Many argue that all this work still doesn't mean that the Iranian leaders have made the decision to put them together into a weapon.
Some can even note that of course Iran wants nuclear weapons--to protect themselves from potential American aggression (See? It's really America's fault!)--even as they demand iron-clad proof of what they assume.
Hey, maybe that American professor who opposed the Iraq War and wanted "a million Mogadishus" (Black Hawk Down events) to deter us will get his wish!
So the question is whether the lack of iron-clad, smoking gun proof means Iran isn't building nuclear weapons or whether they are just good at hiding what they are doing. I know which way I go on this.
Hey, what do you know?
Satellite images of an Iranian military facility appear to show trucks and earth-moving vehicles at the site, indicating an attempted cleanup of radioactive traces possibly left by tests of a nuclear-weapon trigger, diplomats told The Associated Press on Wednesday.
Recall that Syria did this after Israel bombed the nuclear site that North Koreans were working on, prior to saying the IAEA could inspect the site. It may be that this is a standard North Korean method. Which we should keep in mind as we seek to put inspectors back into North Korea.
Actually, I don't think a Facebook photo of Ahmadinejad standing next to a missile where he just wrote, in Farsi and English, "One missile for the one-bomb state" on the nose cone would be iron-clad proof for those who oppose stopping Iran. Any iron-clad proof is likely to come way too late.
I don't understand why opponents stress the bad things that could happen if we or Israel strikes Iran. Yes, bad things could happen. But the funny thing is, many of the bad things assume Iran is completely irrational by arguing Iran will--quite naturally--attack America and Arab countries if Israel attacks Iran. Or they assume Iran will choke off oil exports that will affect Iran just as badly if Hormuz is shut down for long.
But far worse things could happen if an Iran as irrational as even opponents of attacking Iran's nuclear program gets nuclear weapons. Even if Iran doesn't quickly use their nuclear capacity to attack Israel--who would then respond in kind--the resulting path of nuclear proliferation in the volatile Middle East would in time lead to an even worse nuclear exchange. I'm pretty confident about that. Is bombing Iran really madness?
My old friend Professor Sir Michael Howard, now 89 years old but still the repository of greater wisdom than any other British strategic thinker, said to me a while back: ‘The only thing worse than the prospect of an Iran with nuclear weapons would be the consequences of using force to stop them.’ This still seems a statesmanlike assessment.
We have learned to live with a world in which the Pakistanis, Indians and North Koreans have nuclear weapons — and, of course, the Israelis.
However reckless the fanatics in Tehran, it is hard to imagine them launching an unprovoked nuclear assault on Israel, amid the certainty of annihilatory retaliation.
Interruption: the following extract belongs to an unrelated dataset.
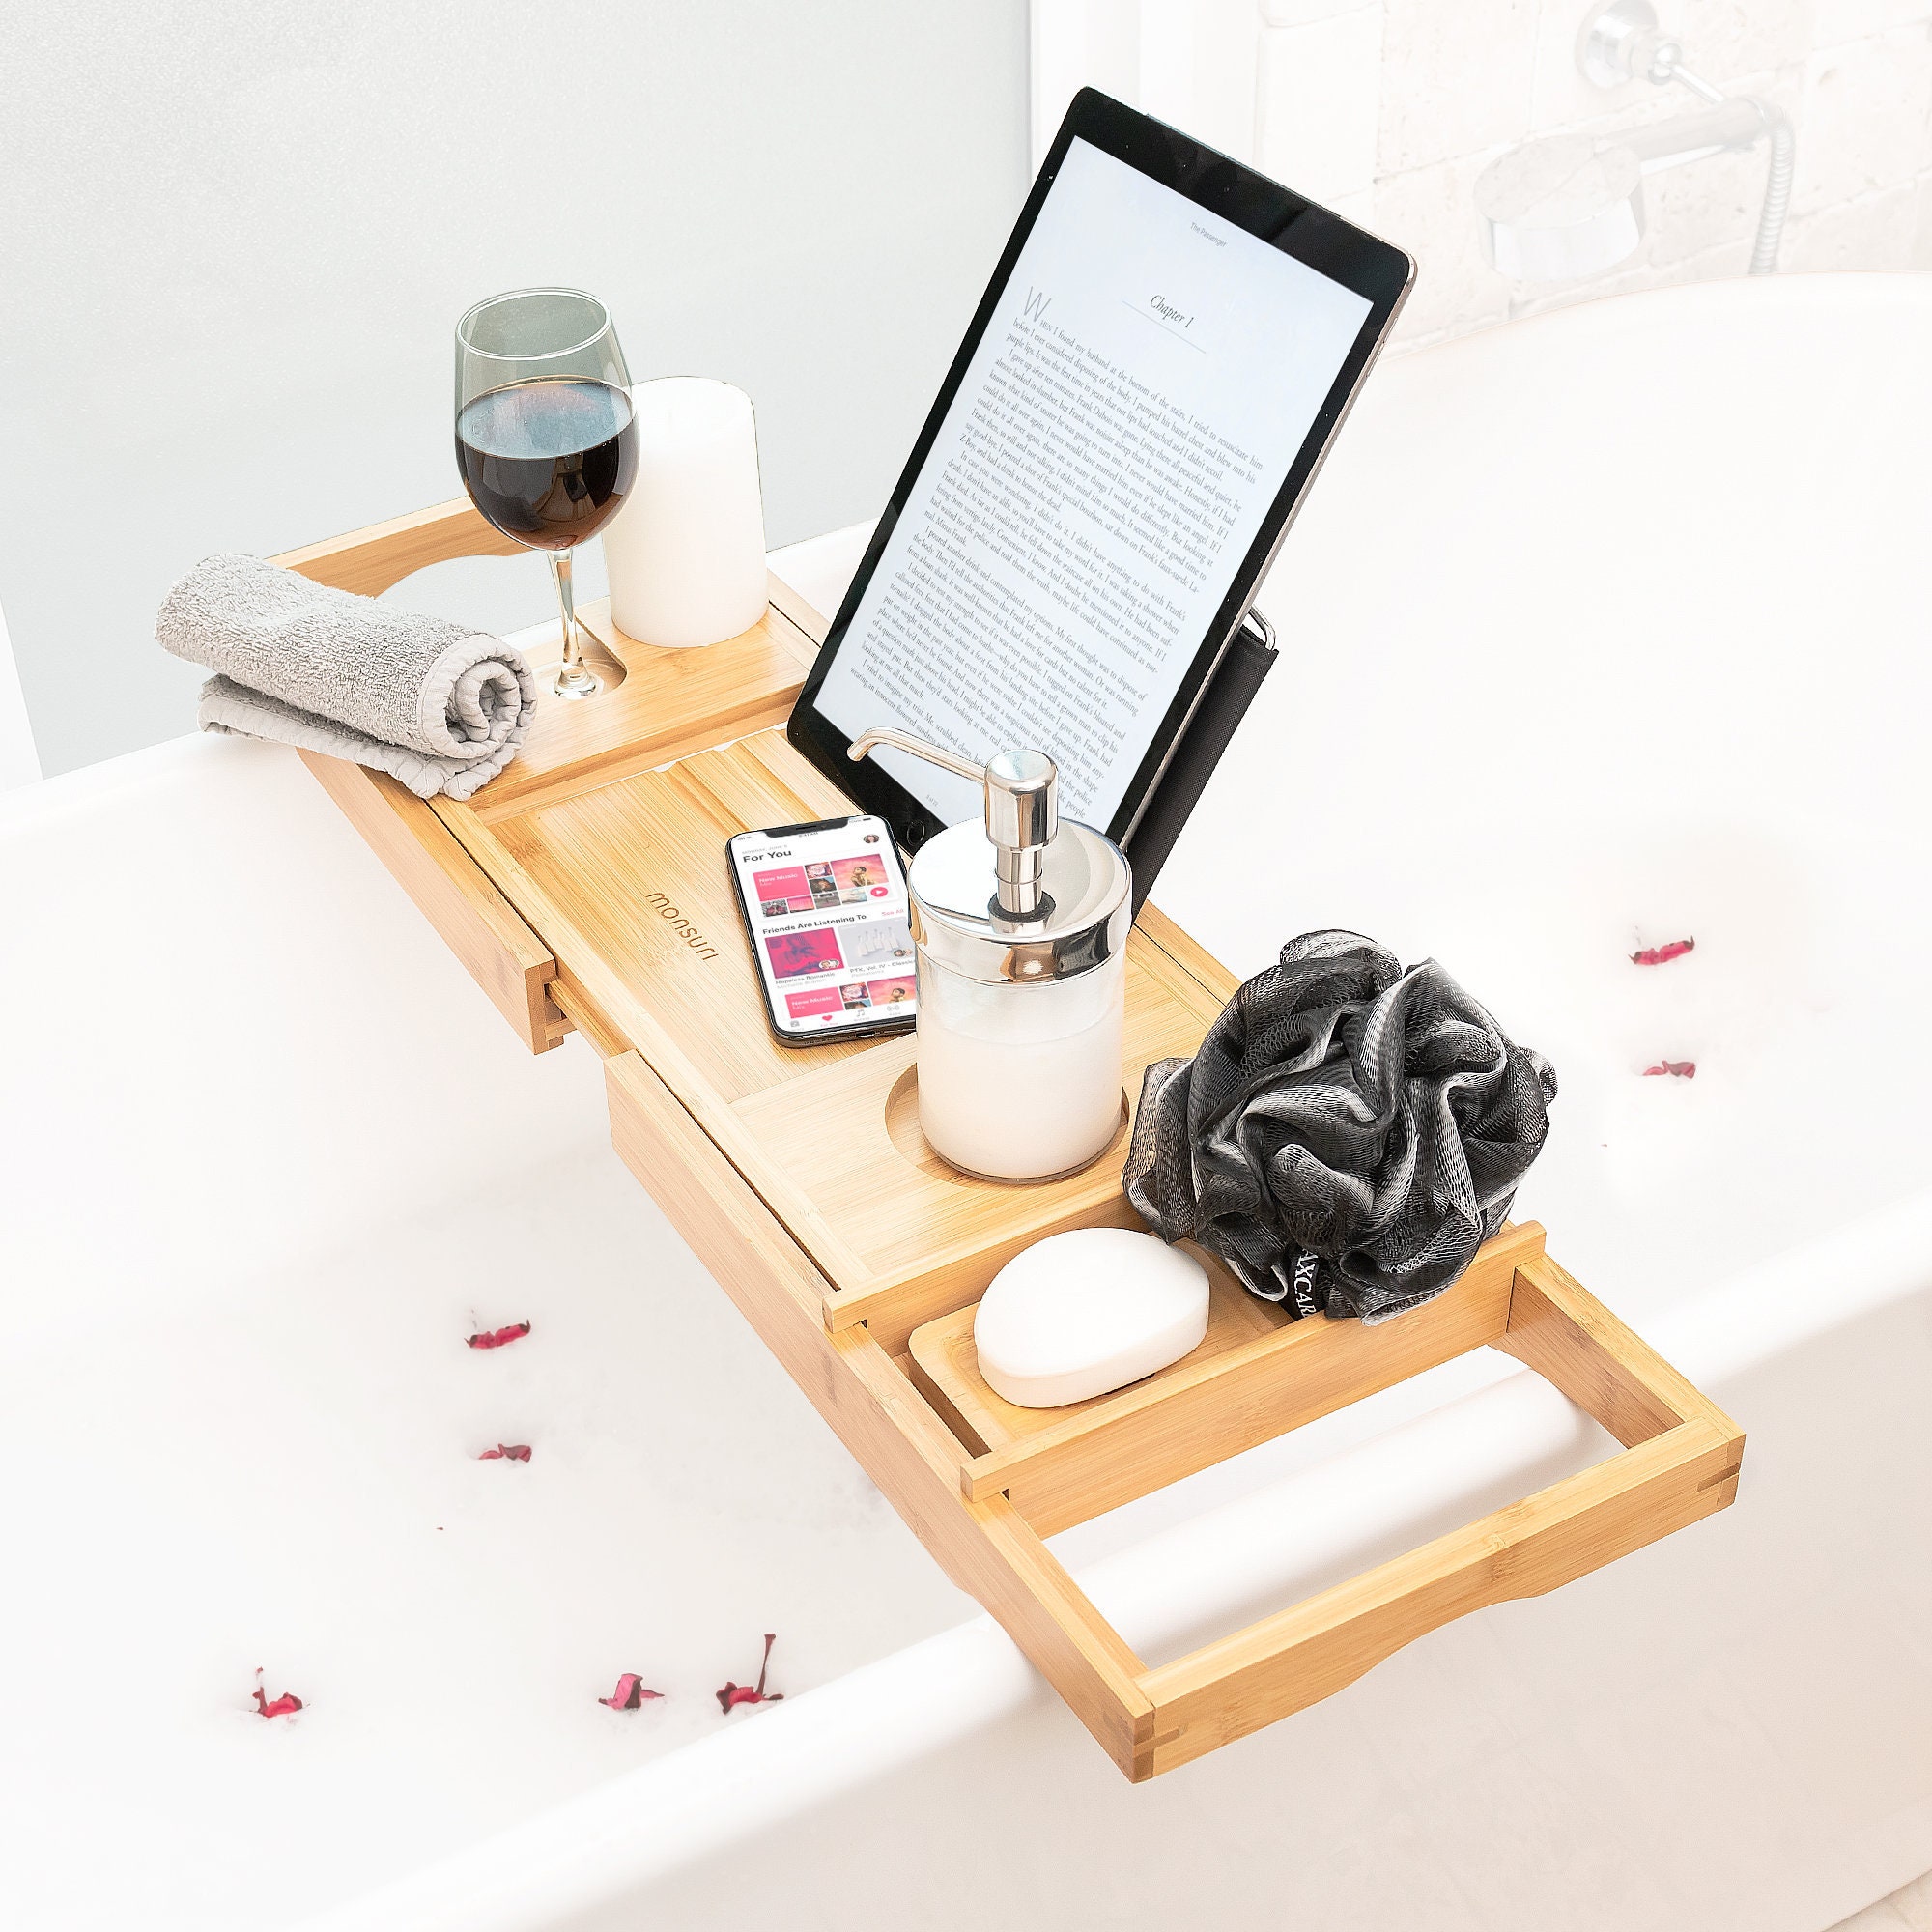 Wood Color DriSubt Bamboo Wood Bathroom Tub Rack Storage Shelf Caddy Tray Home Spa Bamboo Wood Over Tub Rack Built-in Holder for Book Tablet Phone Glass Candle Non Slip Bath Caddy Bridge 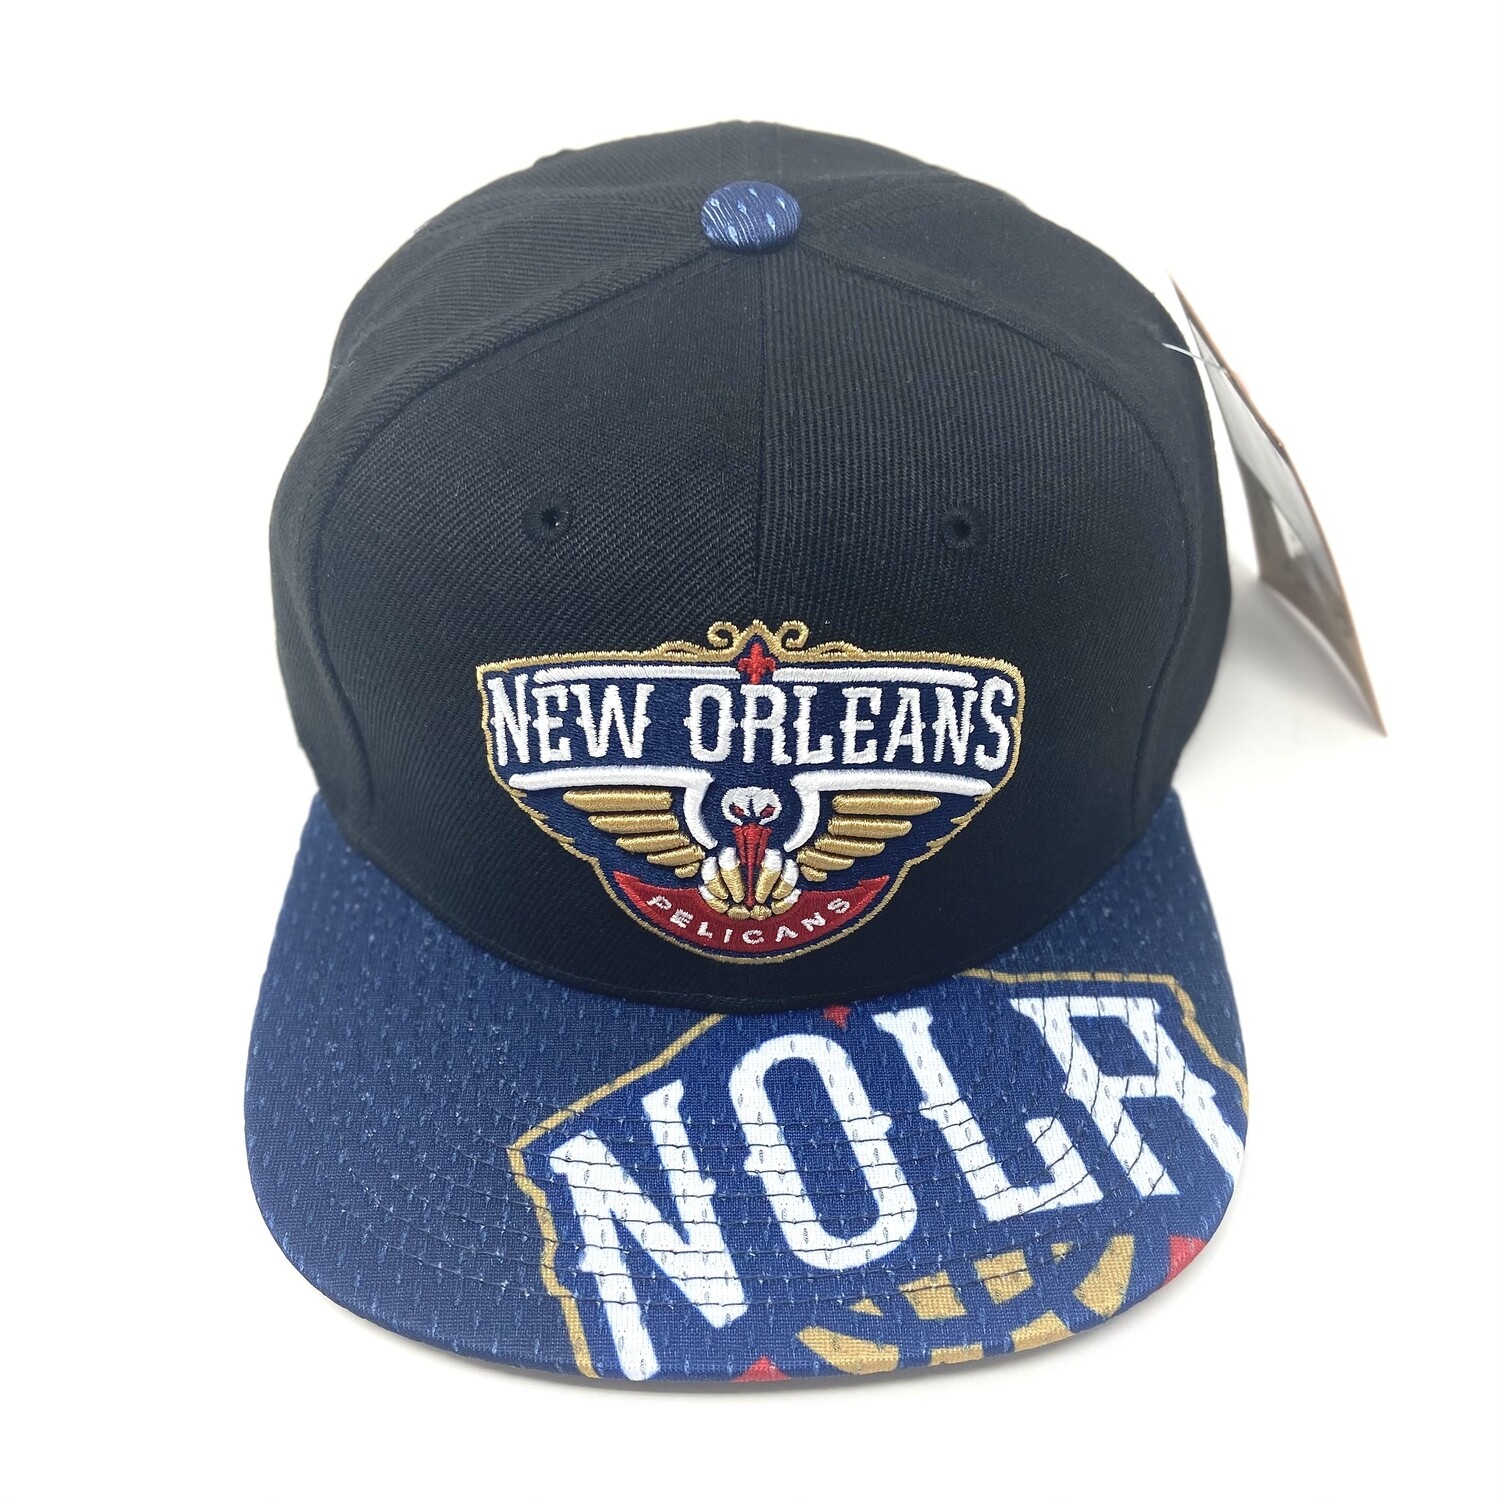 Men's New Orleans Pelicans Mitchell & Ness Red Core Side Snapback Hat

Their failure of imagination shouldn't stay our hand. The British faced a madman before who they couldn't imagine would act in any way other than that of a properly trained British gentlemen when faced with reality and the horrors of war. But not a madman with nukes who might think taking one for the ummah is a beautiful idea with acceptable collateral damage (if they even think that "involuntary martyrs on a nuclear scale is damage at all).
You ain't seen nothin', yet, on that score if we let Iran get nuclear weapons.
I'd rather have regime change in Iran to stop them. But failure to spend the last decade working on that or using the last decade to squeeze Iran economically to increase unrest has made anything we might do on those fronts too little and too late.
Opponents of striking Iran say use of force should be the last resort only after all other options are exhausted? I dispute that but let's assume that is correct. Hey, guess what? All other options to prevent Iran from going nuclear are pretty much exhausted.
And guess what else? Waiting so long before striking is just giving Iran not just the chance to bury their program deeper, but to disperse it to places we don't see. Are we having fun yet?
So in the end, striking Iran doesn't "solve" the problem. I admit that freely. Few actions in the foreign affairs realm are silver bullets that solve a problem once and for all. In the end, a more enduring solution to nutballs in Iran wanting nukes isn't to keep the nutballs from getting nukes but to get rid of the nutballs. But for now, we must have more time--time with a non-nuclear Iran.